● Exercise description
Reproduce exactly the line containing "meggle lactose free packaging" and each line after it until the listing ends, leaving pictures out.

● Data
▶
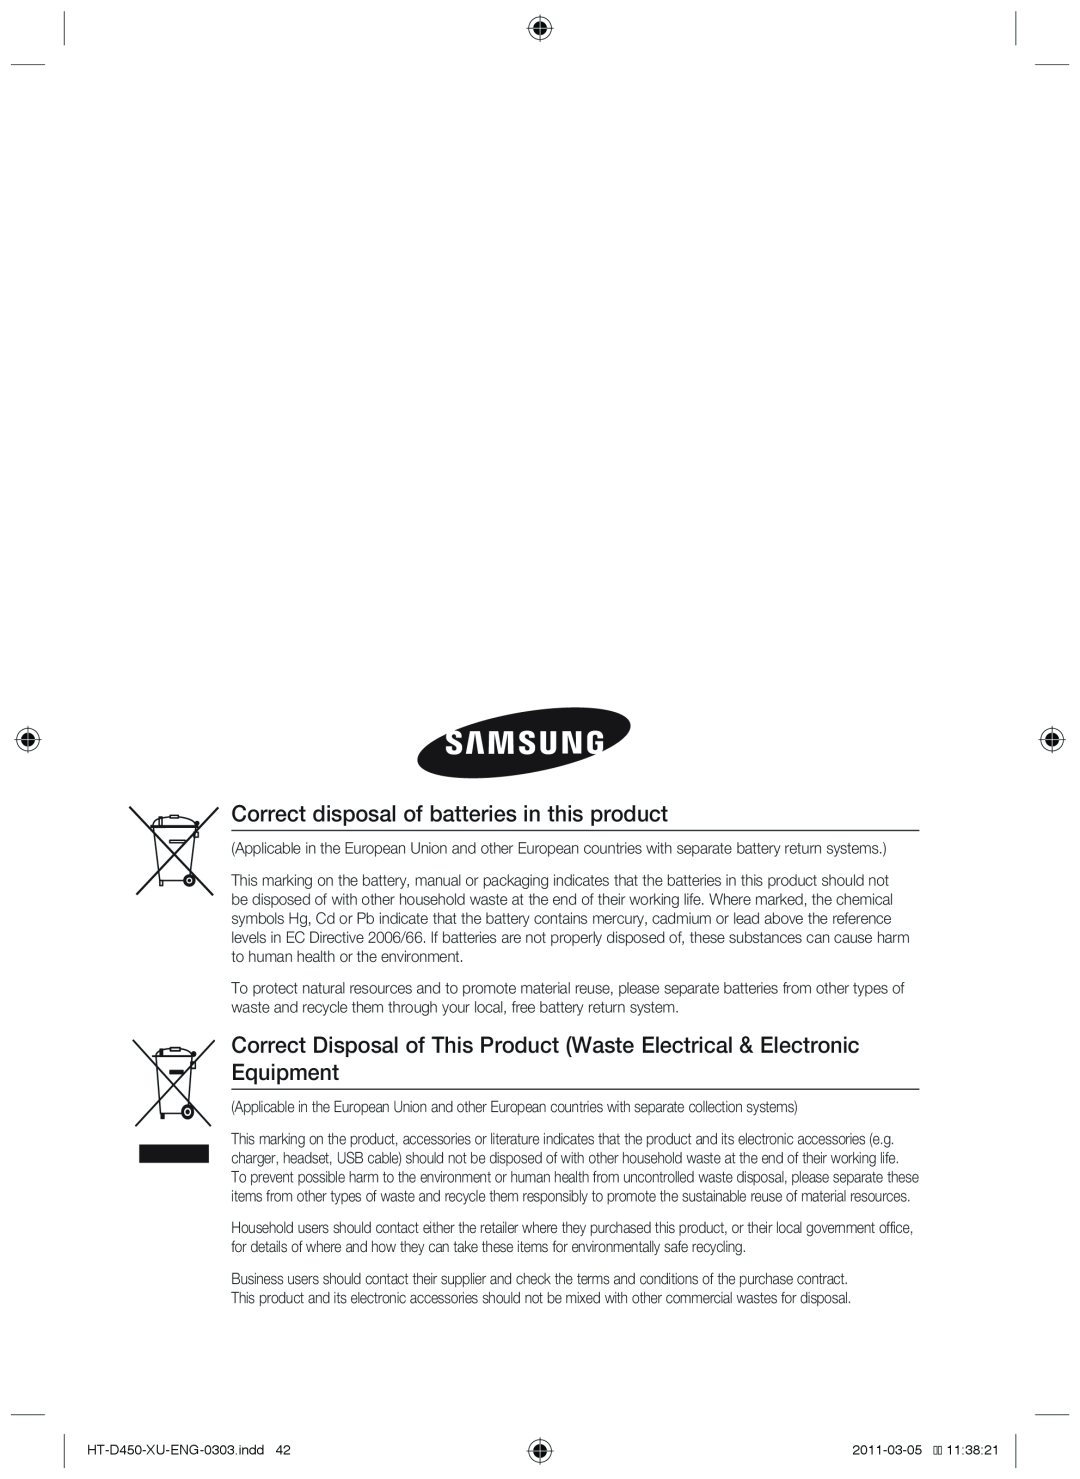 Samsung HT-D450, HT-D455, HT-D453 user manual Correct disposal of batteries in this product, Code No. AH68-02259B 
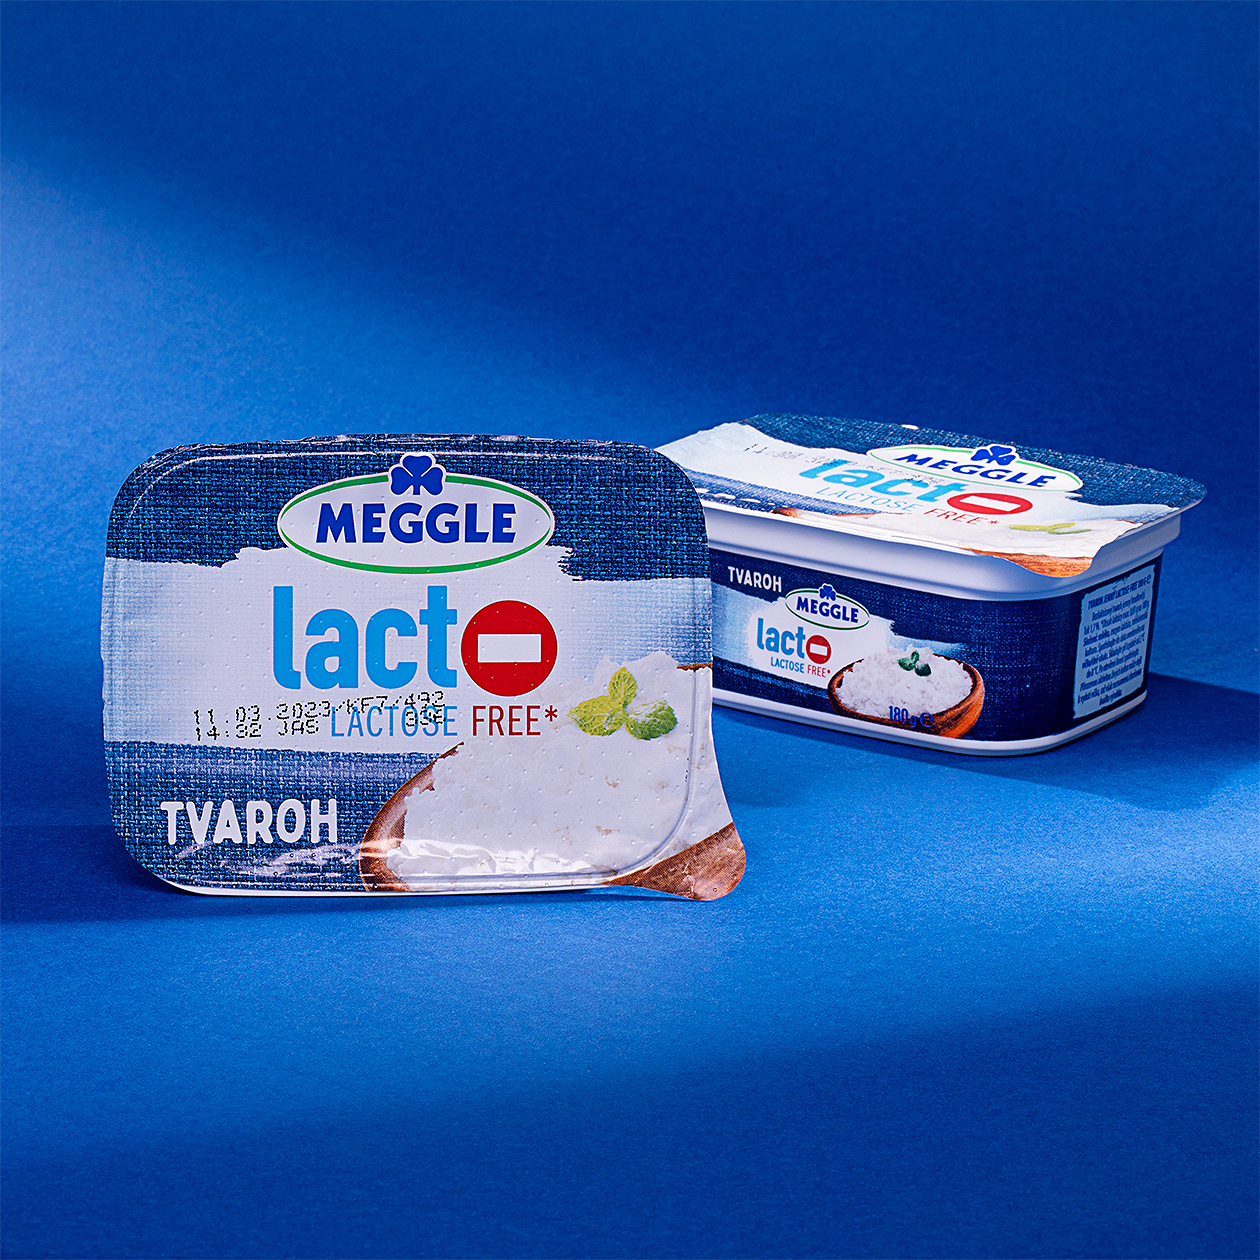 meggle lactose free packaging
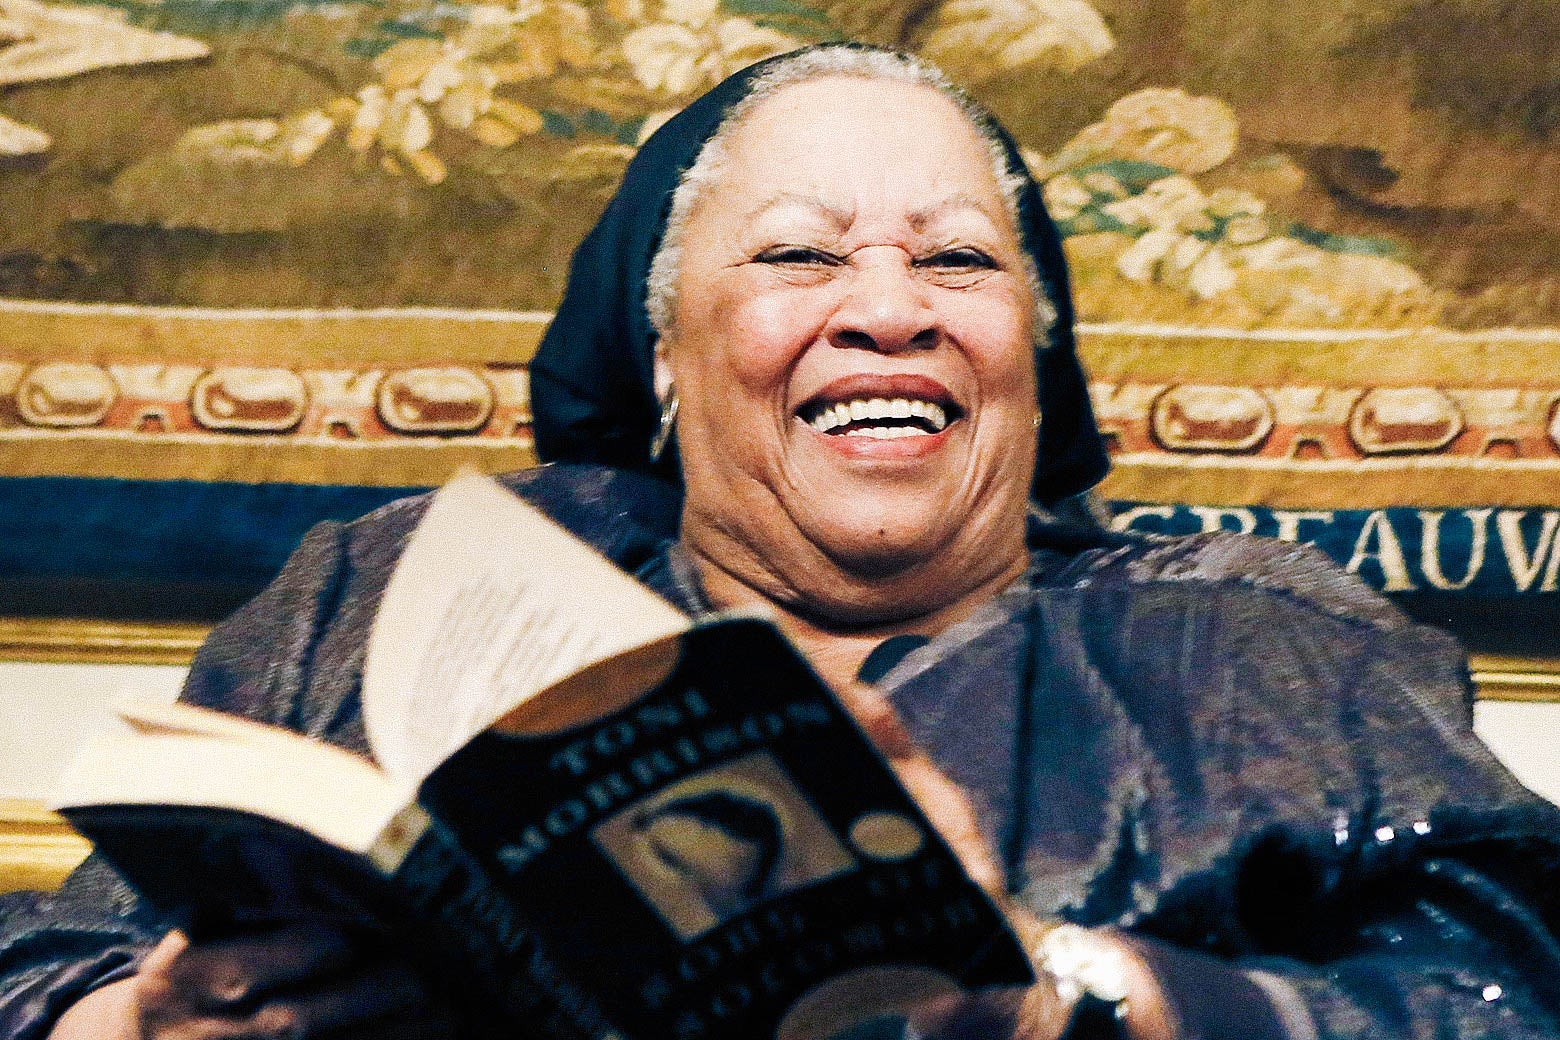 Toni Morrison smiling at a reception while turning the page of a book.
◀
● Output below
 meggle lactose free packaging
 Toni Morrison smiling at a reception while turning the page of a book.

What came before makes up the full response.